Mapping the JLU in IO space and using the interconnect to stall a processor means that the JLU is not JOP specific and is usable on other processors that have interconnects with similar support.

Requesting a lock in the JLU has a low overhead. While waiting for a lock, a thread non-preemptively spin-waits. While owning a lock, a thread non-preemptively executes the critical section. The JLU locking can therefore be considered a degenerated form of PCE, hereafter referred to as DPCE. The main difference between PCE and DPCE is that PCE allows preemption when there are locks with ceiling priorities that are lower than some thread priorities.

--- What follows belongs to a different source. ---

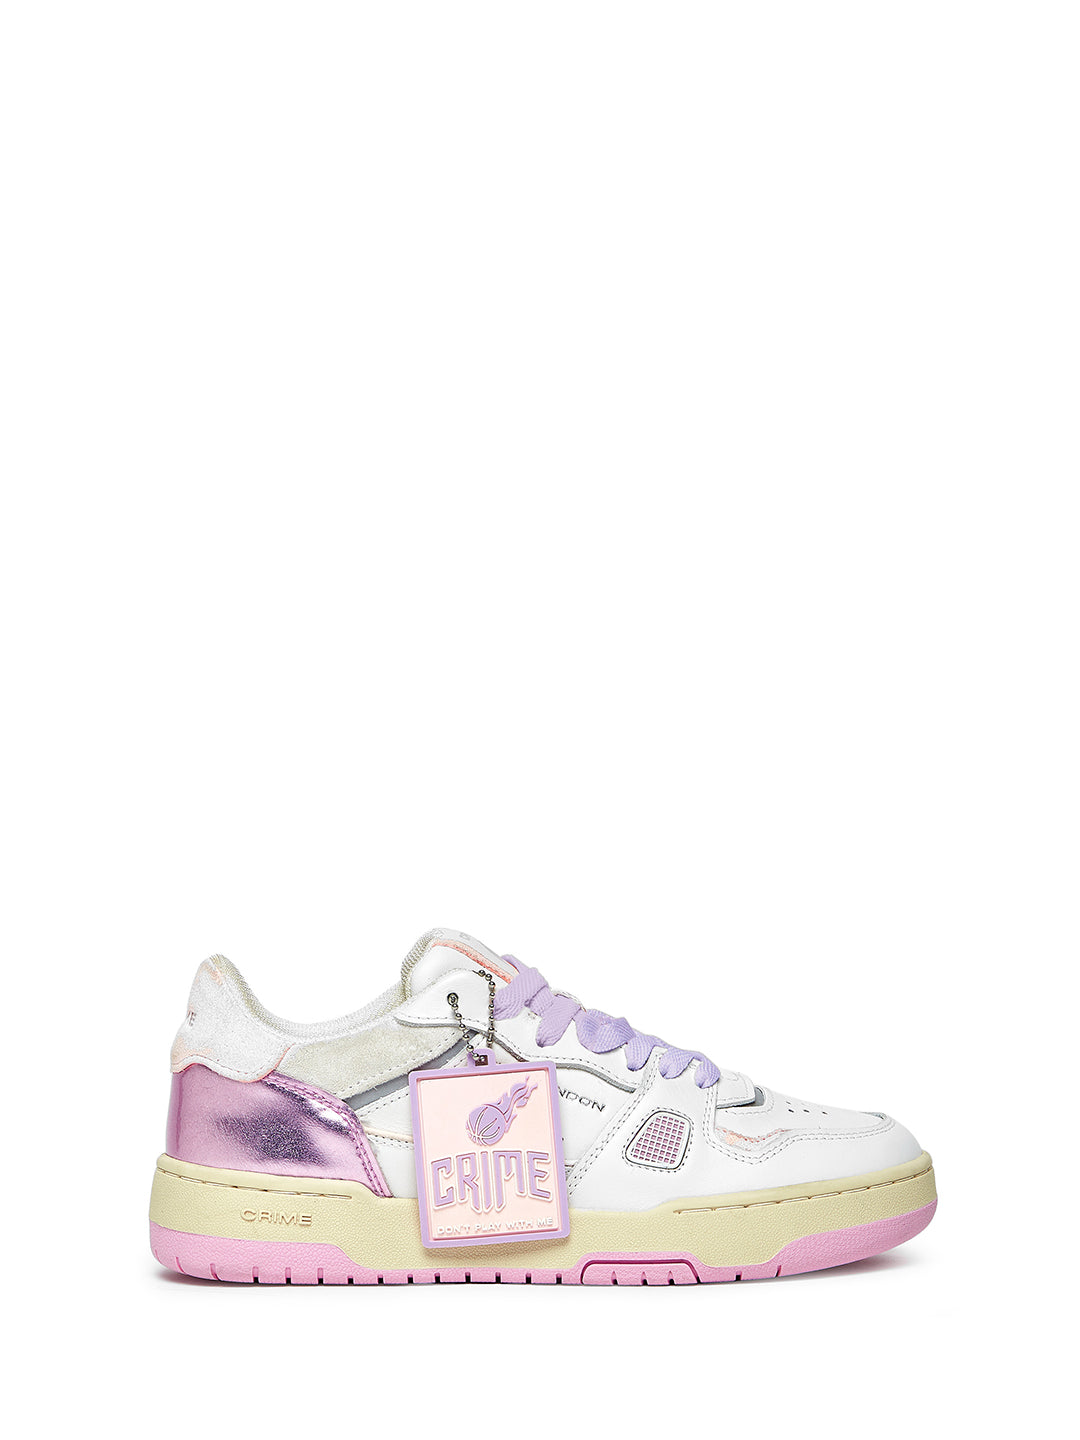 Crime Off Court OG Pink Me Up sneakers bianco con tab lilla

According to the SCJ specification, critical sections, protected by locks that are shared between processors, have to run at top priority, as priorities between scheduling partitions have no meaning. This means that DPCE behaves like PCE except when a lock is not shared between processors and has a ceiling priority that is lower than at least one other thread on the processor that does not access the lock.

The current draft of the SCJ specification [8] (p. 143)



Figure 2: The Java locking unit

specifies that locks shared between threads running on different processors need to have a priority so that synchronized methods execute non-preemptively:

On a Level 1 system, the schedulable objects are fully partitioned among the processors using the scheduling allocation domain concept. The ceiling of every synchronized object that is accessible by more than one processor has to be set so that its synchronized methods execute in a nonpreemptive manner. This is because there is no relationship between the priorities in one allocation domain and those in another.

On a Level 2 system, within a scheduling allocation domain, the value of the ceiling priorities must be higher than all the schedulable objects on all the processors in that scheduling allocation domain that can access the shared object. For monitors shared between scheduling allocation domains, the monitor methods must run in a non-preemptive manner.

### 4. PCE IMPLEMENTATION

Although JOP already implements a degenerated form of PCE there are quite a few changes necessary to implement proper PCE.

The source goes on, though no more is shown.